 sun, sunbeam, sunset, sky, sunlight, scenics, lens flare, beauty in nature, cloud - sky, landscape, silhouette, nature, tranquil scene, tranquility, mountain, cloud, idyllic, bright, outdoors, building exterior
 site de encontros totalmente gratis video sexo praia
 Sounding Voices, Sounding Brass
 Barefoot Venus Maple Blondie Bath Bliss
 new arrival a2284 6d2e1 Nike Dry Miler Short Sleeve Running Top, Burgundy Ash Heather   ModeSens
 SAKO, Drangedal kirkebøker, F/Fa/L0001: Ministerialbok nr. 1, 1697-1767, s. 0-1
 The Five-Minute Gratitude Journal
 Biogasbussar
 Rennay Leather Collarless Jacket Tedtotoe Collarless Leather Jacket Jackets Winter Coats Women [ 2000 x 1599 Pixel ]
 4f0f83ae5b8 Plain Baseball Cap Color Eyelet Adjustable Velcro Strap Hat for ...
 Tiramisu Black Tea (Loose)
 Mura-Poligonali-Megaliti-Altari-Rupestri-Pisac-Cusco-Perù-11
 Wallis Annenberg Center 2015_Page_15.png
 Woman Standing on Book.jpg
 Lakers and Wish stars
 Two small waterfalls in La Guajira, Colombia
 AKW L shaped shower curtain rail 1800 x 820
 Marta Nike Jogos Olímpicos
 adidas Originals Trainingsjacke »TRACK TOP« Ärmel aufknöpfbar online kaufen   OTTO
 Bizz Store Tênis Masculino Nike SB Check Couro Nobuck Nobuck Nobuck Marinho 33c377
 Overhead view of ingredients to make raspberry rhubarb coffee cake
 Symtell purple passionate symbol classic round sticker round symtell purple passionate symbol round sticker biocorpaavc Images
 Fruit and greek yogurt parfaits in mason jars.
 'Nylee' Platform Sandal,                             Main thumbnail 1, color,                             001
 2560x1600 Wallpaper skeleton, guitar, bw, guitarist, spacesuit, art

-- Assignment --
Retype, in the same exact form, the lines of the material above from the line holding "SAKO, Drangedal kirkebøker, F/Fa/L0001: Ministerialbok" through the line holding "Tiramisu Black Tea (Loose)".

-- Response --
 SAKO, Drangedal kirkebøker, F/Fa/L0001: Ministerialbok nr. 1, 1697-1767, s. 0-1
 The Five-Minute Gratitude Journal
 Biogasbussar
 Rennay Leather Collarless Jacket Tedtotoe Collarless Leather Jacket Jackets Winter Coats Women [ 2000 x 1599 Pixel ]
 4f0f83ae5b8 Plain Baseball Cap Color Eyelet Adjustable Velcro Strap Hat for ...
 Tiramisu Black Tea (Loose)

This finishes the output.